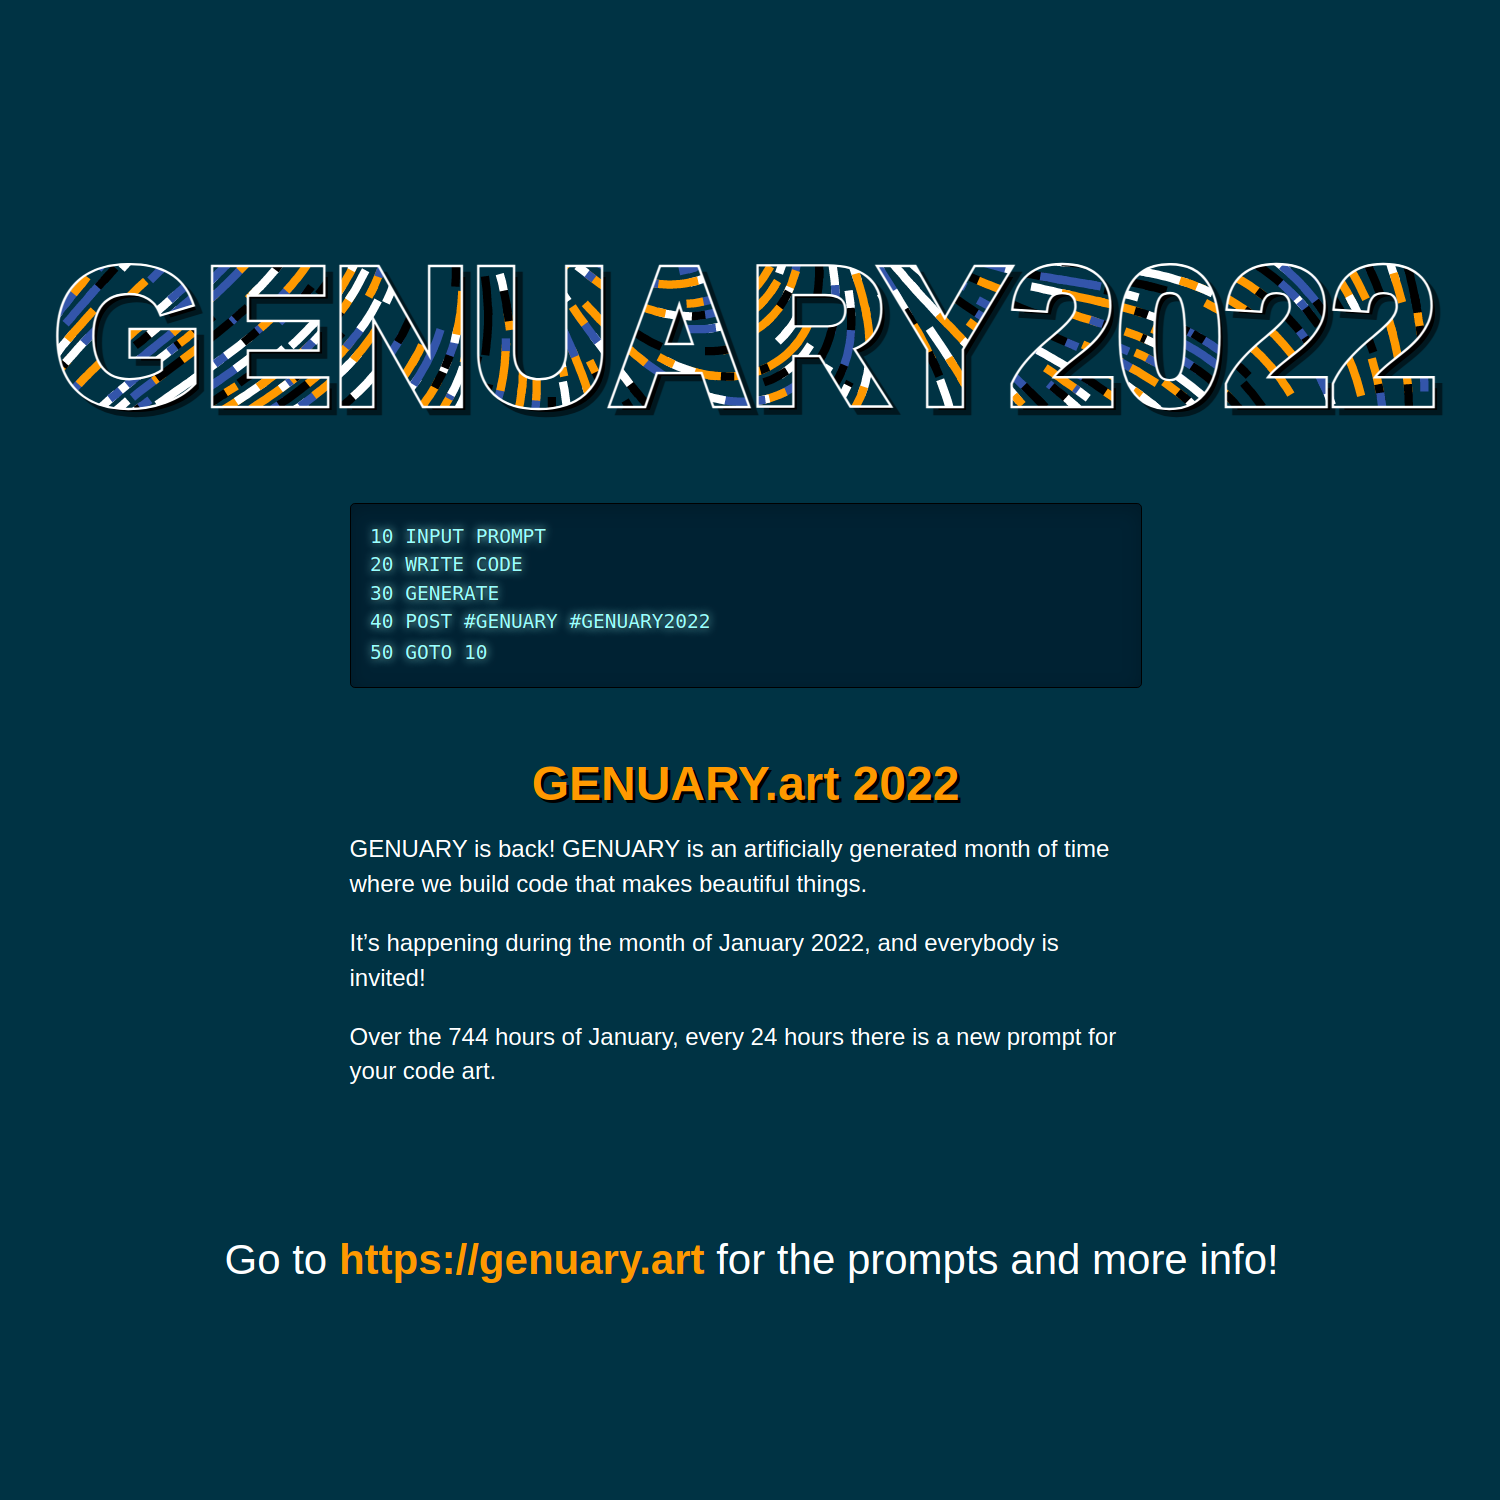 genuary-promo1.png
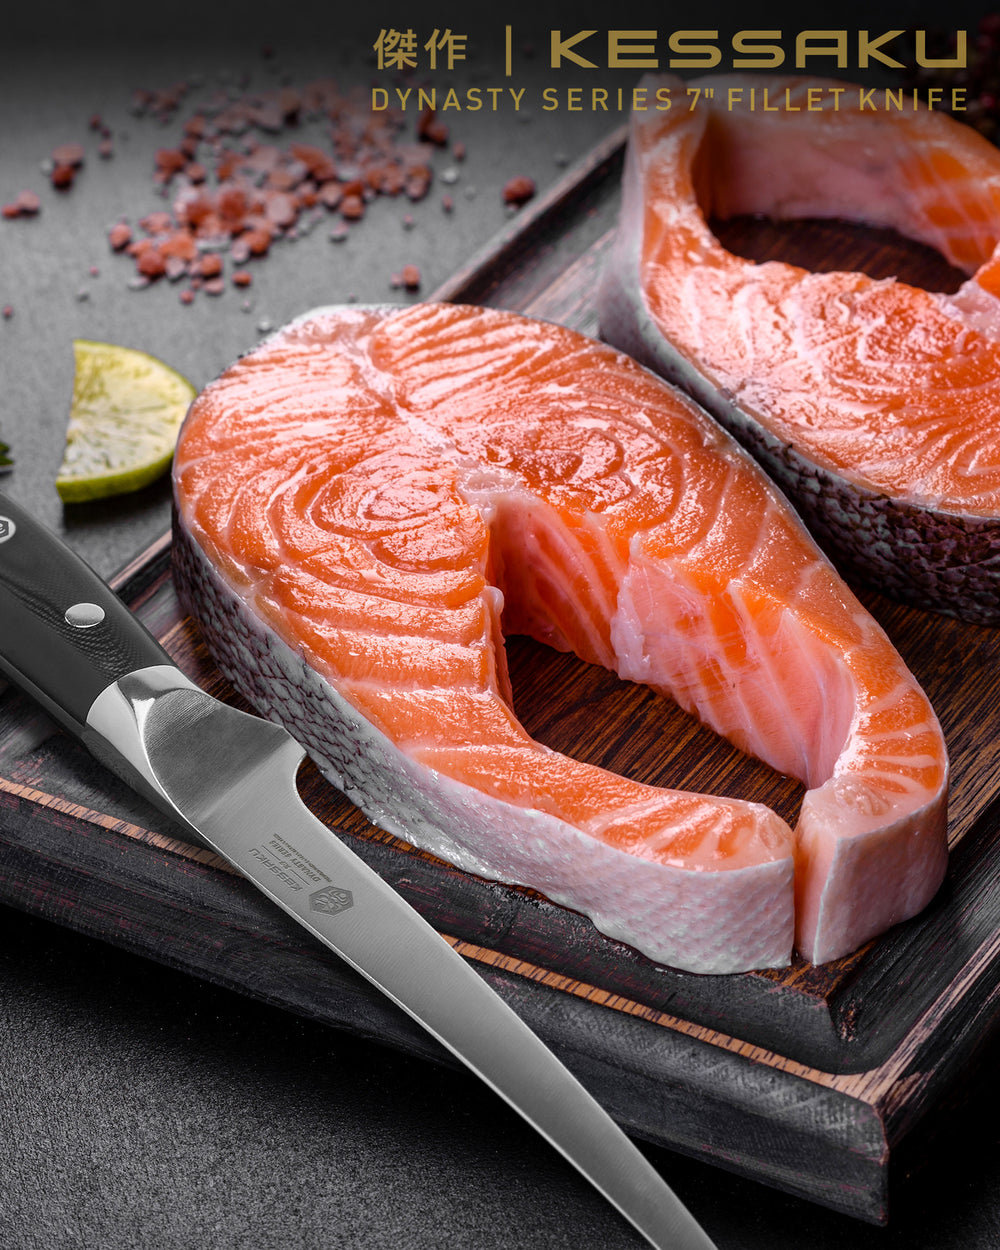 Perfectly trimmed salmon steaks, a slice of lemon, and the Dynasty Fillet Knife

::::

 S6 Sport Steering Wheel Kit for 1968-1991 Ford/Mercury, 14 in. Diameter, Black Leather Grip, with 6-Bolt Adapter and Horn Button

::::

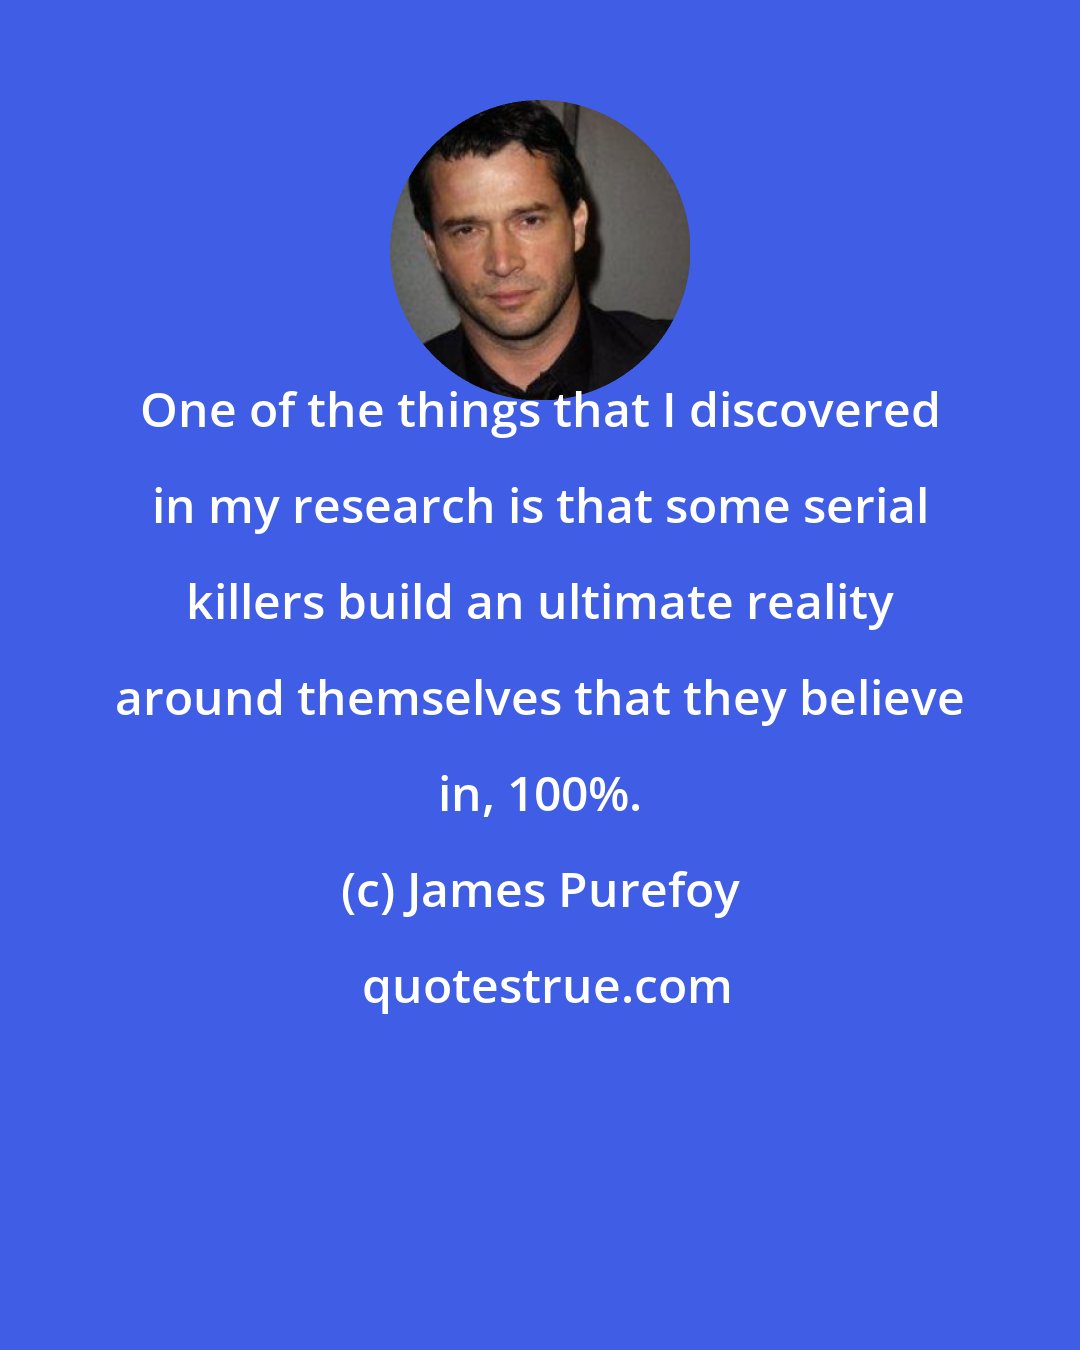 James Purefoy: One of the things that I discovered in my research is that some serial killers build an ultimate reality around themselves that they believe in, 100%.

::::

> [WHAT THIS TASK INVOLVES]: What you return from the records above should be exactly everything from the line with "genuary-promo1.png" down to the line with "Perfectly trimmed salmon", both kept, and no pictures.

> [ANSWER TO THE EXERCISE]:
 genuary-promo1.png
 Perfectly trimmed salmon steaks, a slice of lemon, and the Dynasty Fillet Knife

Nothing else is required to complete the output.